Région aux cultures multiples, la Bourgogne n’est pas centrée uniquement sur le vin. Autour de Dijon, sa capitale historique et politique, fut cultivé le cassis dès l’époque moderne. Baie noire riche en vitamines, le cassis était produit à des fins médicinales. C’est en 1841 que ce cassis traditionnel fut transformé en « crème de cassis » grâce au travail de liquoriste d’Auguste-Denis Lagoute, cafetier à Dijon au Café des Milles Colonnes. Les grains de cassis, de variété « Noir de Bourgogne » sont mis à macérer dans de l’alcool neutre additionné de sucre. La crème de cassis accompagne les grandes inventions liquoristes du XIXe siècle et devient un produit de base pour de nombreux cocktails, se taillant une part de choix dans les cafés. L’invention accompagne un style de vie en vogue dans cette période de transformation sociale et industrielle : le développement des cafés comme lieux de vie et d’échanges, la baisse du coût de production de l’alcool, qui permis la création de nombreuses liqueurs, le développement de la « réclame », grâce aux affiches et aux journaux, qui fit connaitre les produits, l’essor du chemin de fer, qui facilita les transports et donc les exportations des produits régionaux au-delà de leur terroir d’origine.
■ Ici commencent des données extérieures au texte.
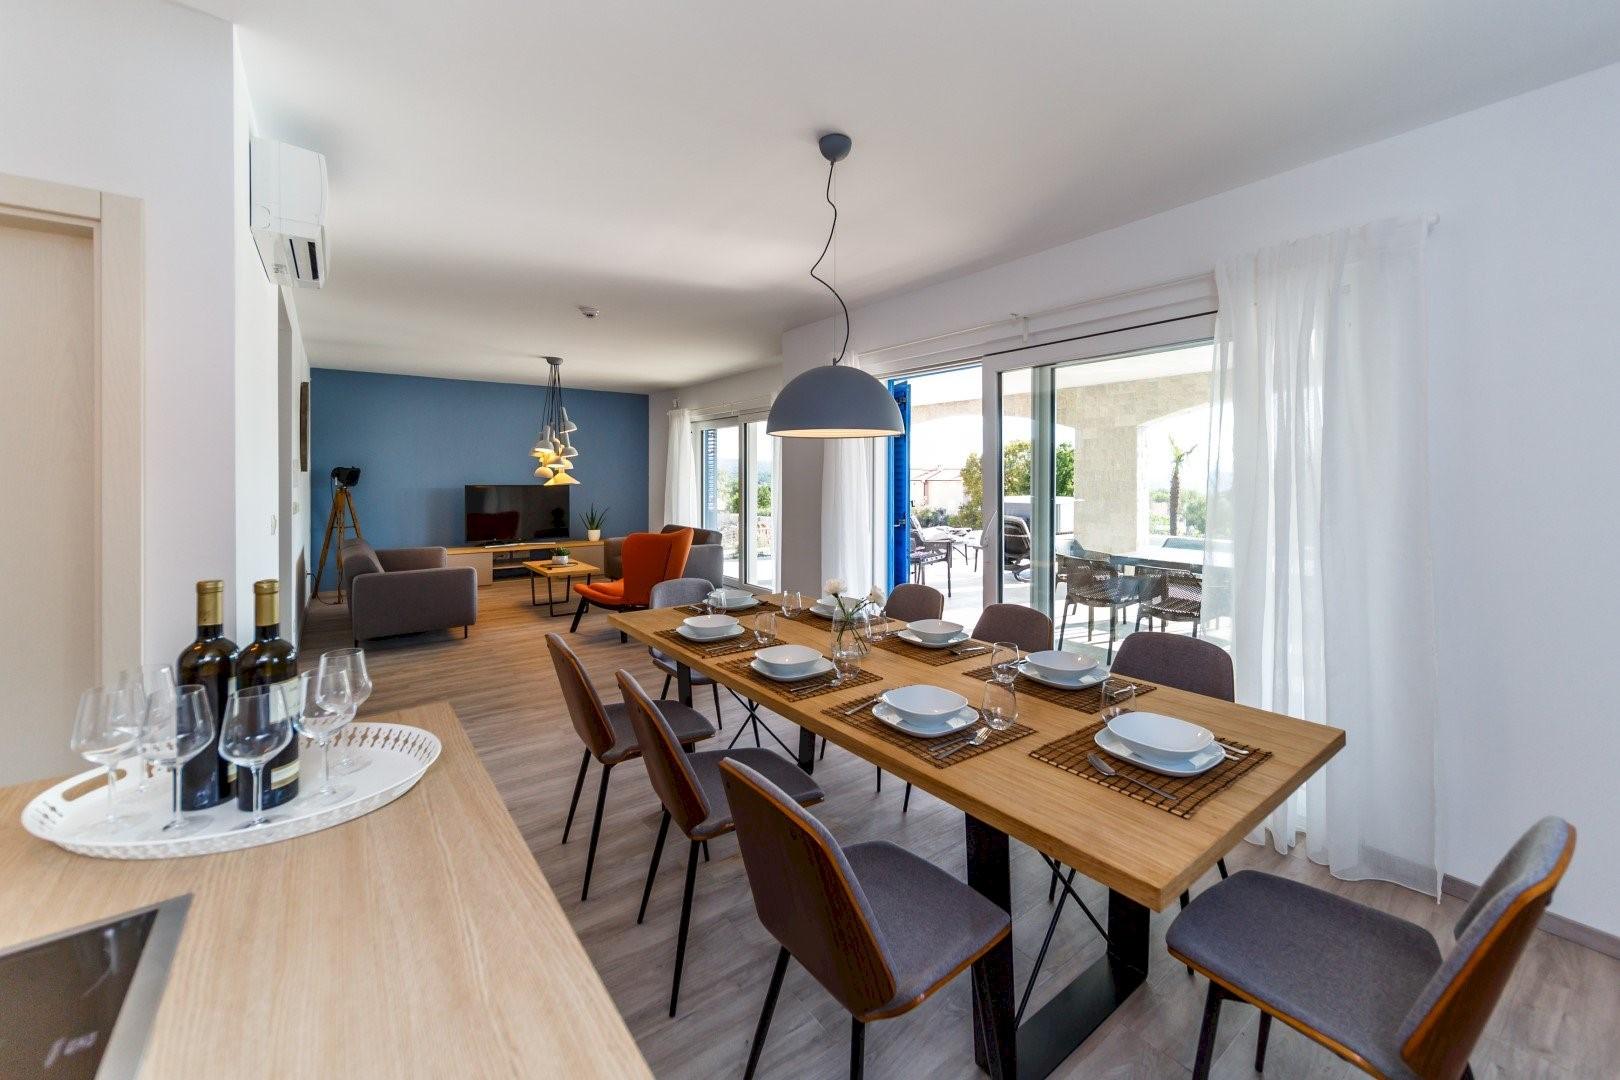 Ferienhaus Luxury Villa Loma 1 (2586644), Sveti Vid-Miholjice, Insel Krk, Kvarner, Kroatien, Bild 8

Grâce à la crème de cassis, la Côte d’Or s’oriente vers la production massive de ces baies, en plantant de nombreux hectares de cassissiers. Naissent différentes entreprises qui produisent à leur tour la crème de cassis, dont plusieurs existent encore aujourd’hui, comme Briottet, L’Héritier Guyot, Lejay-Lagoute et Gabriel Boudier.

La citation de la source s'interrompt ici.